A travers ces nouveaux cadres participatifs prônés y compris chez certaines ONGS au nord, il s’agit de réorienter les logiques sociales et redistributives de ces masses populaires vers les logiques de marché. Récupérer toutes ces ressources informelles (l’exemple de la microfinance est très édifiante à ce sujet). Cette floraison de mutuelles d’épargnes et de crédits en Afrique visent à récupérer l’épargne monétaire locale et à formaliser les tontines qui se faisaient en dehors des structures bancaires et l’intégrer au marché mondial.

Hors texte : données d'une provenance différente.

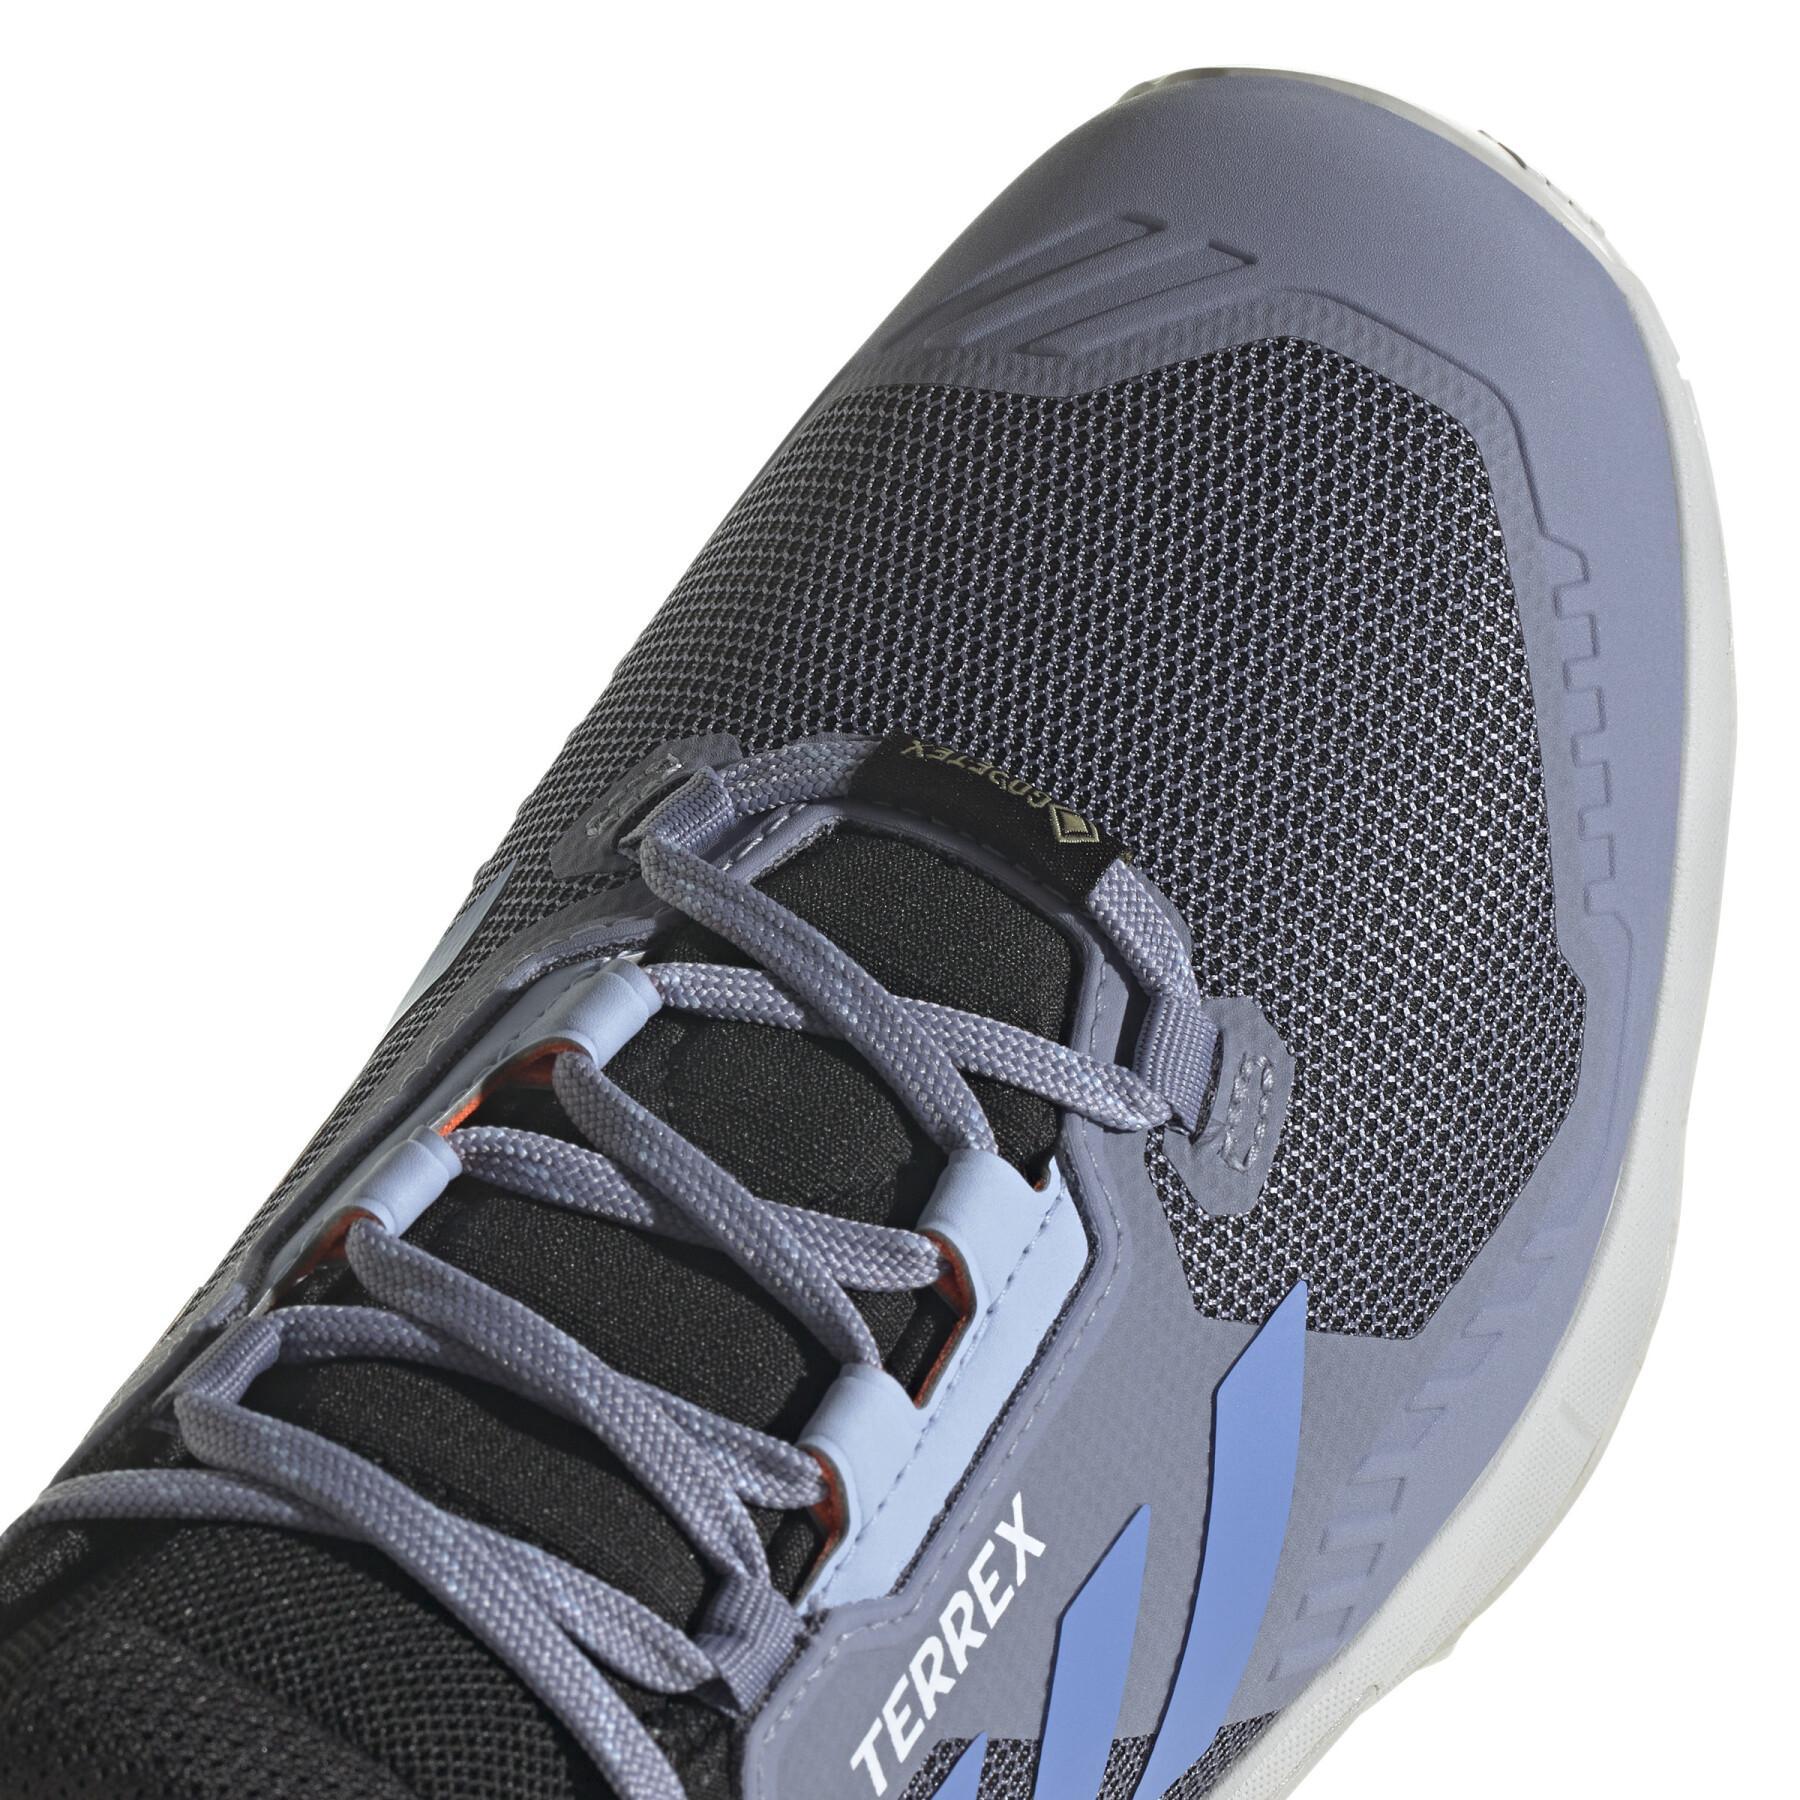 Chaussures de randonnée adidas Terrex Swift R3 GORE-TEX
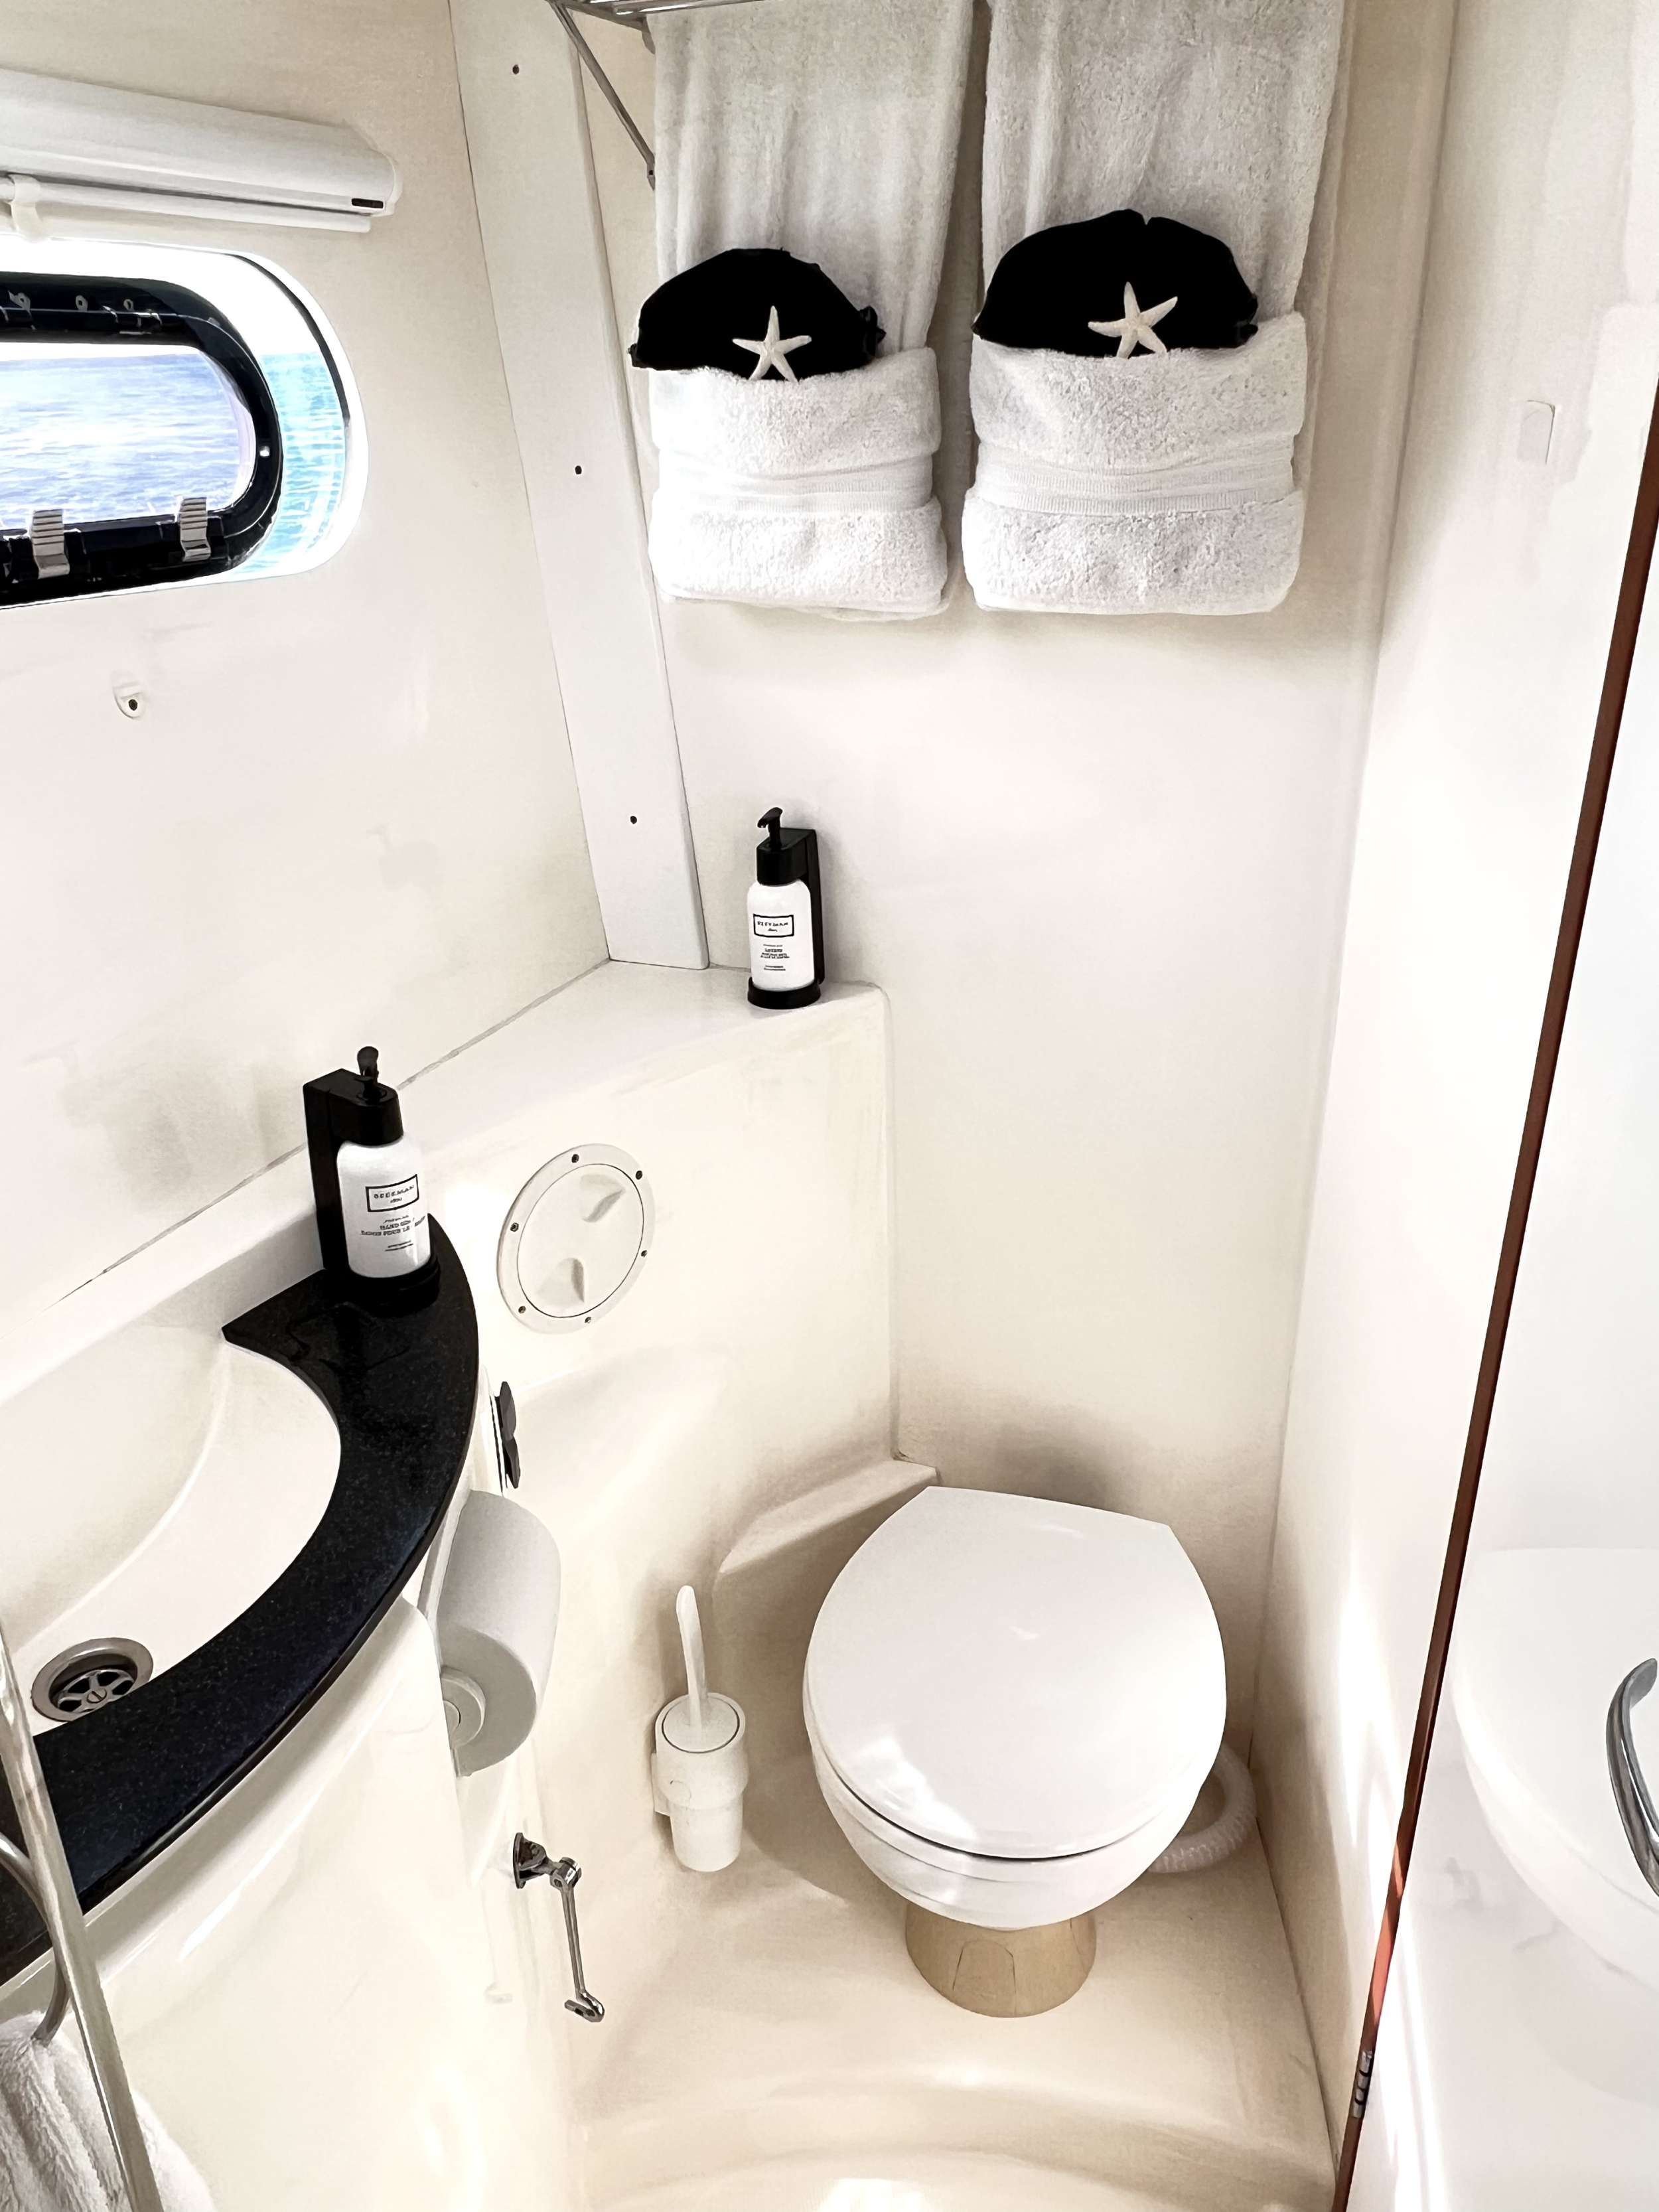 Catamaran Yacht 'STARFISH' En Suite Bathroom, 6 PAX, 2 Crew, 46.00 Ft, 14.00 Meters, Built 2008, Leopard, Refit Year 2019

C’est cela le véritable enjeu des nouveaux paradigmes de développement basés sur la participation. Mais cela c’est aussi minimiser la « ruse » des acteurs populaires qui pendant des décennies ont fait miroiter au Nord, à l’occident de faire « leur projet ». Ils ne sont pas passifs mais développent des capacités autonomes de résistance, de sécurisation de leurs conditions de vie et de pratiques populaires qui échapperont toujours à « ceux qui sont assis derrière leurs bureaux depuis Washington, Paris, Bruxelles, Londres… ».
Le discours sur la participation demeure un leurre si l’on refuse d’entendre et de laisser les acteurs populaires définir leur politique de développement tels qu’ils le vivent et le perçoivent.
Kevin Adomayakpor.
(1) Objectifs premiers DSRP Burkina faso « accélerer la croissance…, maintenir la stabilité macroéconomique », pour le sénégal « doubler le revenu par tête d’ici à 2015 dans le cadre d’une croissance forte, équilibrée et mieux répartie ».
Note : Article paru dans Passerelles N°46 – septembre 2004.